Le Nguyen The Dat bio photo

Le Nguyen The Dat

Data Science and Engineering at 90 Seconds

Email Twitter Facebook LinkedIn Github

Introduction

Choosing the right tools and workflows that fit well with your team is a critical task but oftentimes get overlooked. This article demonstrates our approach in order to improve engineering efficiency for the data team at honestbee. Within this regard, we hope it can help you improve your team workflow or set it up from scratch.

Do note that how the workflows actually look like isn’t that important, what more important is to have something that actually works for you, as well as to be transparent within the organization.

Atlassian Confluence

Confluence is the first tool that we chose to have, and arguably the most important step when setting up a new team.

We decided very early on that it will be used as the one and only platform for organizing all of our documentations, from team managements, data infrastructure designs, dashboards, internal company logics, meeting notes, guides, project documentations, and so on.

Confluence pages are also created for quickly on-boarding new members, as well as communicating within the organization effectively.

Data home page

Atlassian JIRA

We started off using a standard JIRA engineering workflow scheme and JIRA team setup, but quickly simplify ours as much as we can, so that it will be easily understandable and followed.

As such, there are only 3 types of issues we used:

  • Bugs (technical task that is directly related to a known bug or error from the current system)
  • Stories (technical task that has a relatively short timespan of less than a week. If the story created might last longer than a week, it is required to be broken down into smaller stories that can be linked together)
  • Epics (group of stories that form a single business idea, product feature or simply a significant larger task that consist of stories)

We also have internal rules, such as:

  • All Bugs and Stories need to tie to one and only one Epic
  • All Bugs and Stories need to be assigned to a person
  • All Epics will need to be communicated to senior managers and stakeholders before creation to ensure commitment from both side

Our workflow:

  • Everything starts at Inbox (a.k.a backlog)
  • Anything from Inbox can be progressed further to Ready For Dev, In Progress, Review, and Done
  • Anything from Inbox can also be moved to Cancelled if it is not relevant, rejected, or not needed anymore
JIRA Workflow



Kanban Board simply reflects the workflow above, where everyone can have a bird-view on how all the tickets are progressing. The engineers and project managers will take responsibility for updating the tickets accordingly.

Kanban board

Github

Labels are used to indicate the progress of any Pull Request.

Pull Request Labels used in Github repositories



Every Pull Request should contain:

  • link to JIRA Ticket(s),
  • WIP Checklist,
  • the Why, How, and What, as well as
  • having Reviewers assigned once ready.

A Pull Request can only be merged when at least one reviewer approved the change. A Pull Request should not stay In Review for more than one week.

A Pull Request in Data Team



We don’t use Github Issue or Github Project since it should more or less be covered by JIRA.

Continuous Integration and Deployment — with Github, Travis, Marathon, and Slack

We release our changes typically once a day.

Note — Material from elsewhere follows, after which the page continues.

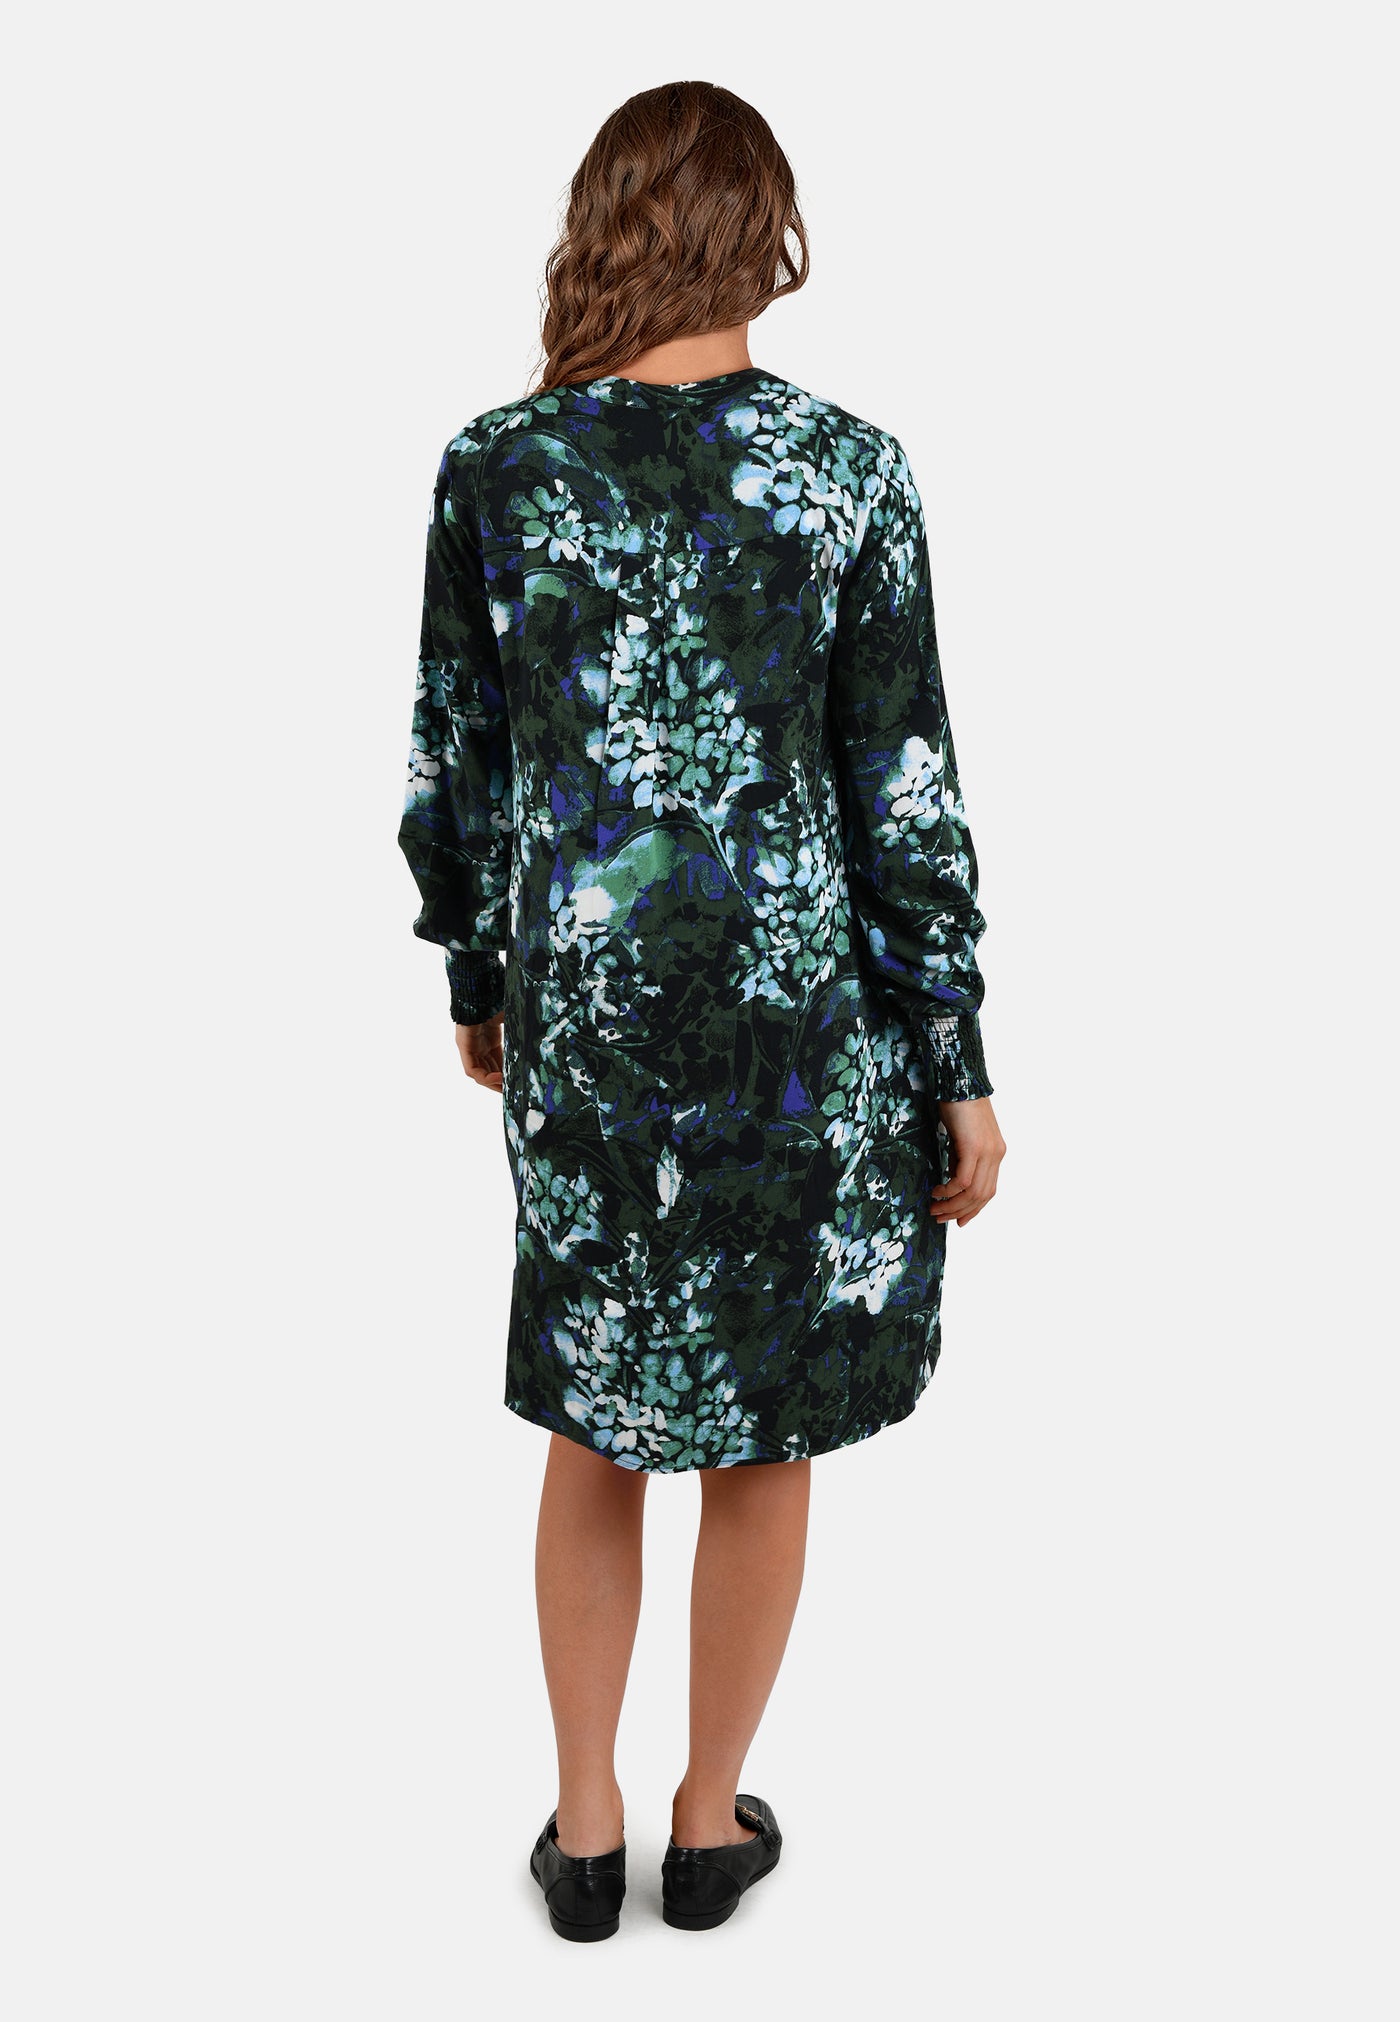 Printed A-Line Dress with Long Sleeves. FINAL SALE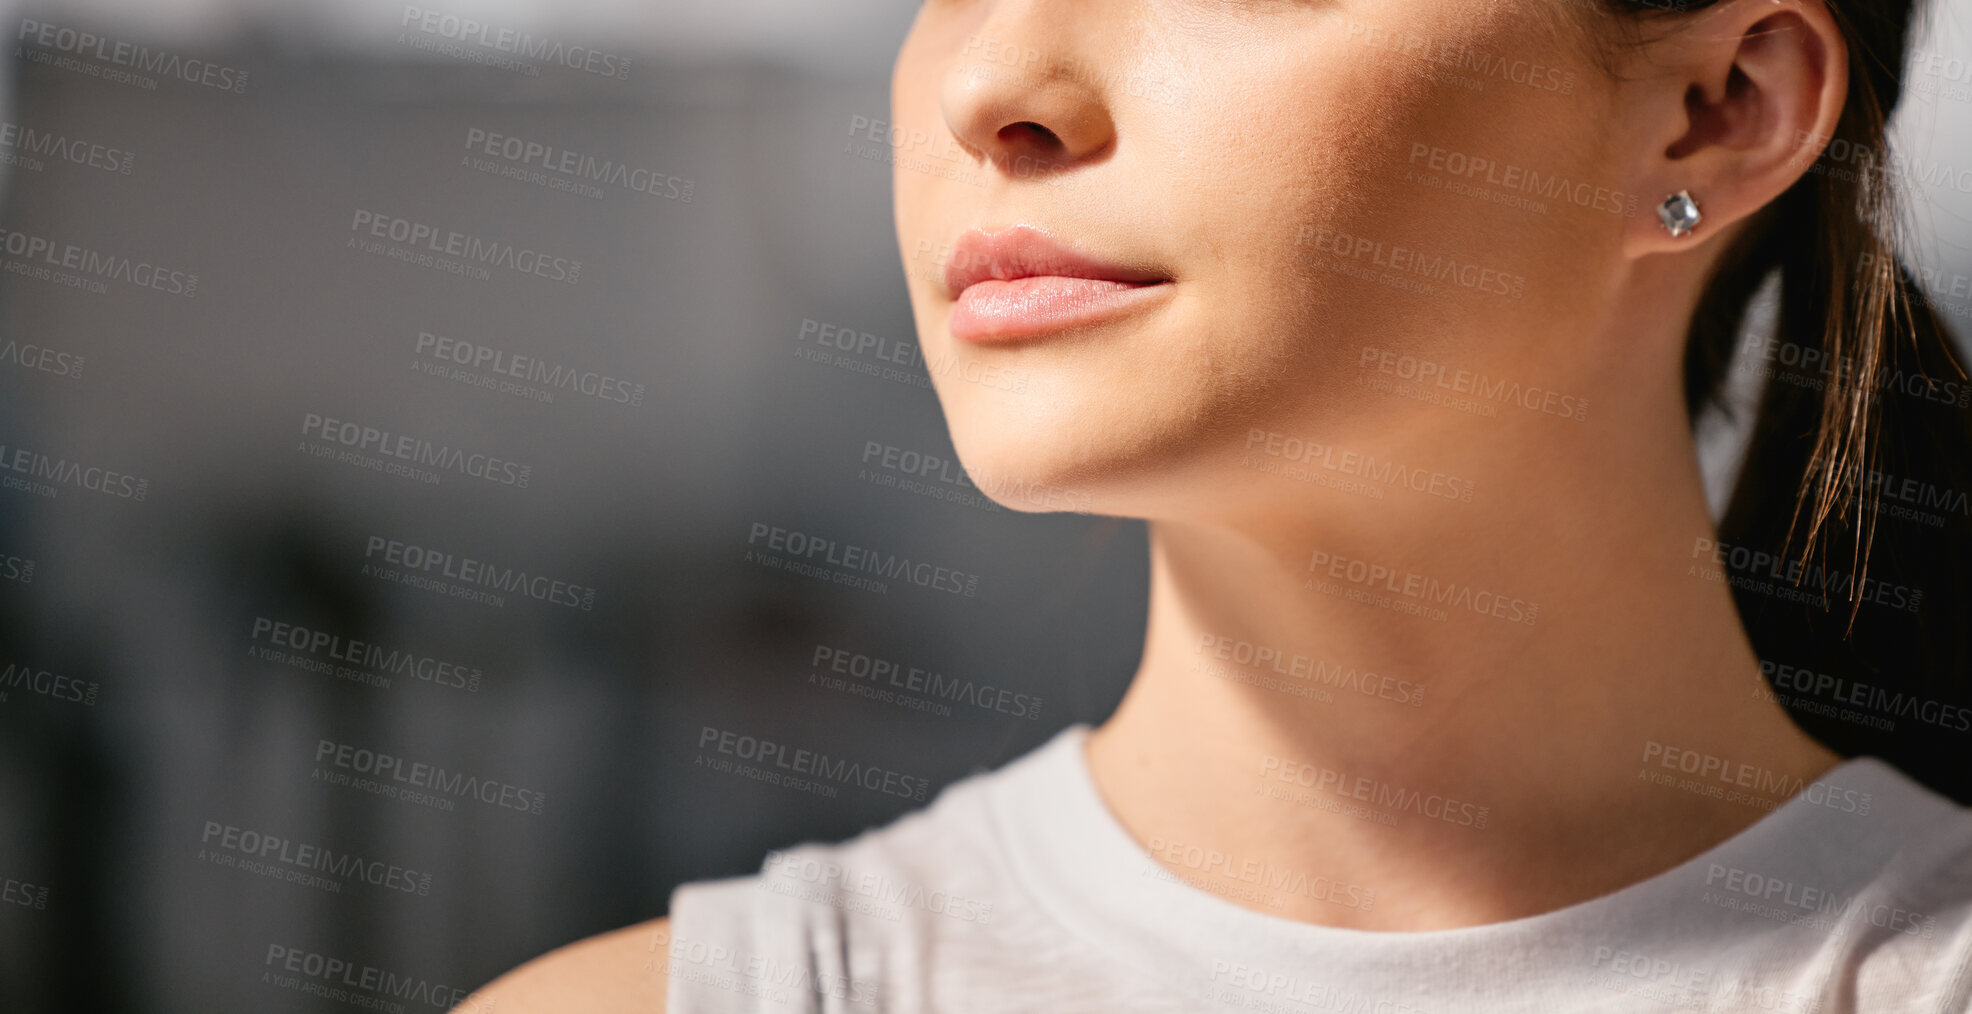 Buy stock photo Closeup of one focused caucasian woman exercising in a gym with copyspace on the side. Face of a determined and motivated female athlete with healthy skin looking thoughtful in a fitness centre

A release can be done by any engineer in the team simply by using Github’s Release interface:

Github’s Release interface



Marathon dashboard was setup to keep track of deployment process and sometimes, for applications health check

Marathon dashboard



We also use Slack to automatically notify the team that a new deployment was successfully done, as new changes are now live on production:

baymax is our Data team’s bot 😅



In general, software release is usually a complicated, multi-step process, that is quite prone to errors sometimes. We believe it should be automated with minimal human supervision, thus we spent a good amount of engineering time to polish the process in such a way that it can be as transparent, and easily done as possible, by every engineer in the team.

If you are more interested in this topic, the whole process looks like this:

Continuous integration and deployment (for more info: https://mesosphere.com/blog/2015/04/02/continuous-deployment-with-mesos-marathon-docker/)

Meetings

  • We rarely do meetings, especially for data engineers and scientists.
  • We have a weekly casual sync-up, that is used mostly for team updates and technical sharing among the members.
  • We also have weekly 1–1 meetings between team manager and each member, which usually happens during coffee breaks.

Final thoughts

  • Every process and workflow is as good as how well people follow it. The more complicated it is, the harder it will get adopted and properly followed as the team grows bigger.
  • It would be wise to invest more in time and communication as early as the team was formed. Make decisions as a team, and follow through with every question and scenario as much as you can think of. Because ultimately, it will help the team move faster with less communication overhead later on.
  • At the same time, flexibility is important as the team grows, the business evolves, and sometimes, due to unforeseen circumstances. Decision should be carefully made when the current process does not work out well anymore. There should always be a balance between extending legacy tools and implementing new tools for new requirements.

PS: special thanks to Tran Anh Cuong, Maksim Golub, and Liva Paudere for helping me with this article.